Second Harvest Food Bank of Silicon Valley is serving twice as many people now as before the pandemic, according to CEO Leslie Bacho. She said that they’re providing food for half a million people a month, and more than half of the folks receiving food from the bank are coming for the first time.

“So many of our clients depend on school breakfasts and school lunch for their kids,” Bacho said. “And even though most of our schools have been providing grab-and-go lunches, sometimes multiple meals a day, it's still been a real challenge for families to access this. And of course, so many people are struggling either from a loss of jobs or from just having their hours cut. And so that Pandemic EBT was really critical.”

Bacho also pointed out that since the cost of living in the Bay Area is so high, and many peoples’ financial situations are rapidly deteriorating, many who need help don’t even qualify for benefits. 

“So many families in our community need assistance who aren't eligible, because they are above the federal poverty level, which is very low for our community, where the cost of living is so high,” Bacho said.

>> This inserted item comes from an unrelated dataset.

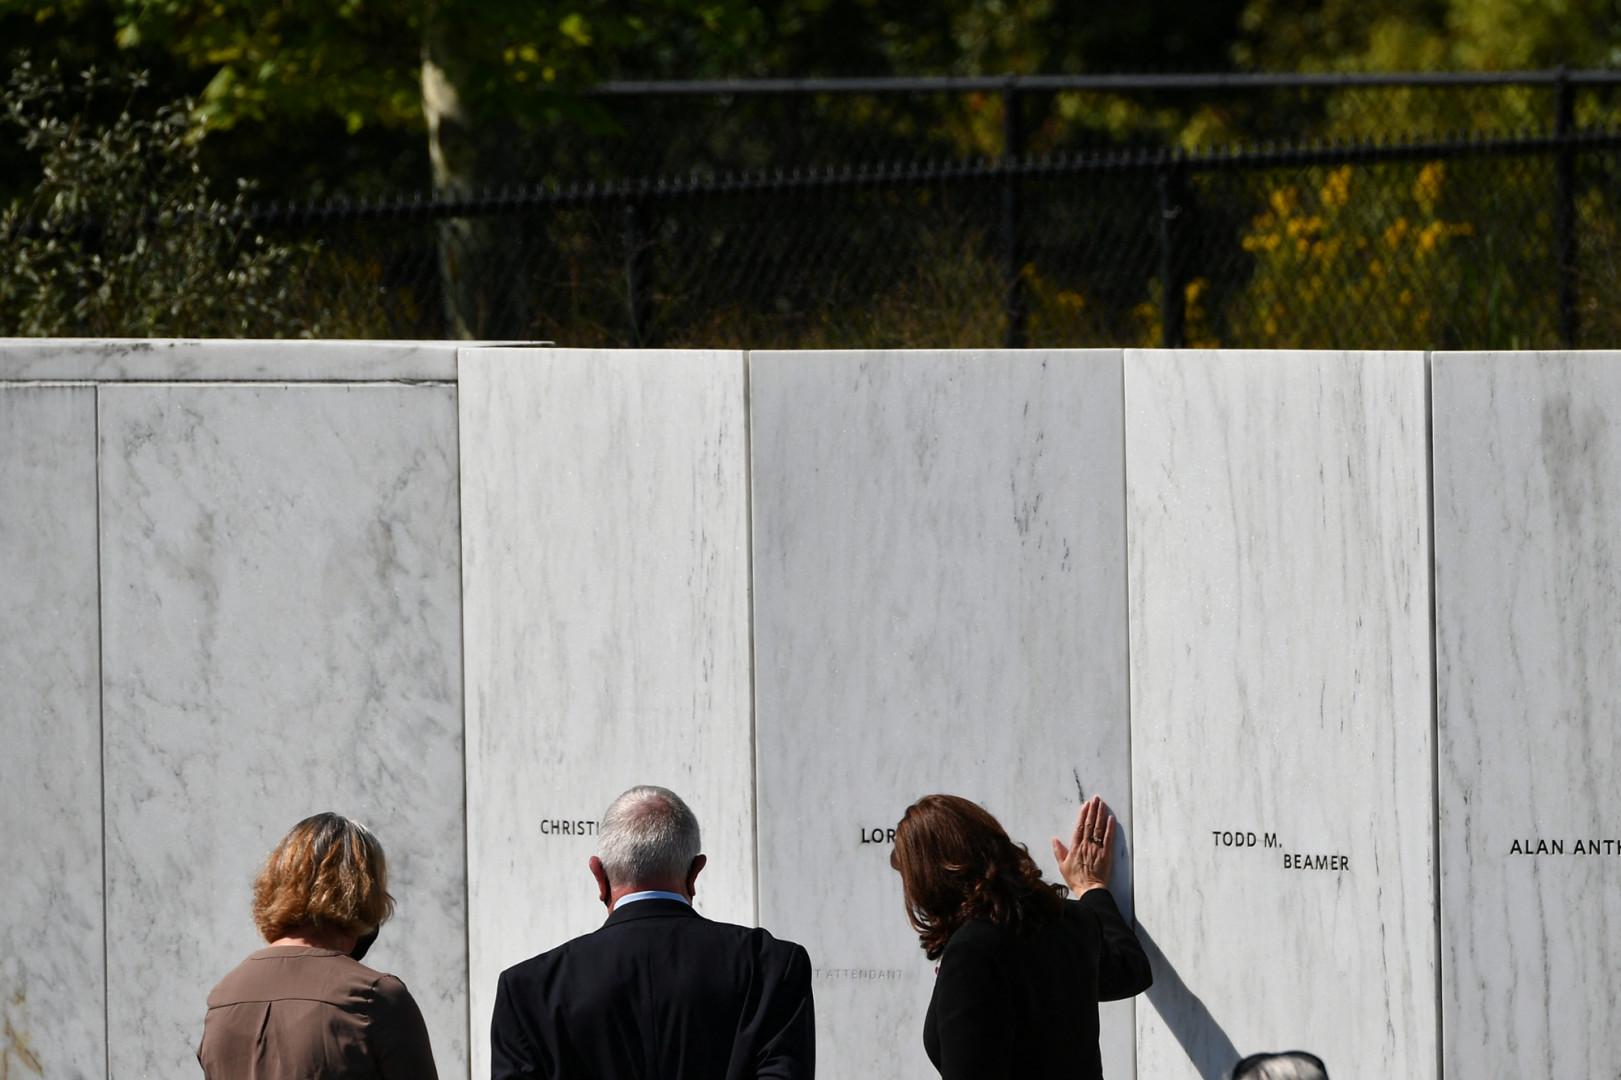 La vice-présidente Kamala Harris s'est rendue en Pennsylvanie, où le vol 93 avait fait 37 morts

Cannon said that school nutrition programs are also struggling to adapt to the new rules and find ways to serve the kids. She said that she believes schools will face challenges as some consider adopting hybrid learning models, while also dealing with decreased finances and increased safety measures.

“Because a lot of kids will be eating in the classroom, our school nutrition program directors are going to have to figure out a way to check the eligibility of each child in the classroom; it’s probably going to create a lot of stigma around meals even more so than we already have,” she said. 

Andrew Raphael, a family engagement coordinator at the Parent Services Project, helped families enroll in P-EBT, and said he is concerned about children getting enough food in the coming school year without the benefit. He said that while he was grateful that the benefit helped so many children, he was also disappointed that it left out preschool-age children, who normally get free and reduced lunch at public preschools.

He also noted that when he was helping families enroll in the benefit, many were nervous to apply due to their immigration status, even though the benefit is contingent upon household income, and does not factor in a child’s immigration status. 

Meg Davidson, the director of policy and advocacy at the SF-Marin Food Bank, said that she believes people living in mixed-immigration households are facing the most food hardship at the moment, as they don’t qualify for many benefits, and there is also a lot of fear surrounding using benefits they do qualify for. 

Vindiola said that her neighbor, who could have gotten P-EBT as they were eligible, didn’t because they were scared due to their immigration status.

A mother of three who lives in San Rafael, who did not feel comfortable giving her name due to fear surrounding government benefits, said through a translator that the uncertainty of not knowing how long the kids are going to be at home, and when they'll be able to get school lunch again, is tough. She also said that she is still waiting for one of her cards to arrive, and that it will be a huge help once it does.

“It would be great if it was extended into next school year,” she said. “Because these two boys, they really need the food for the next school year.”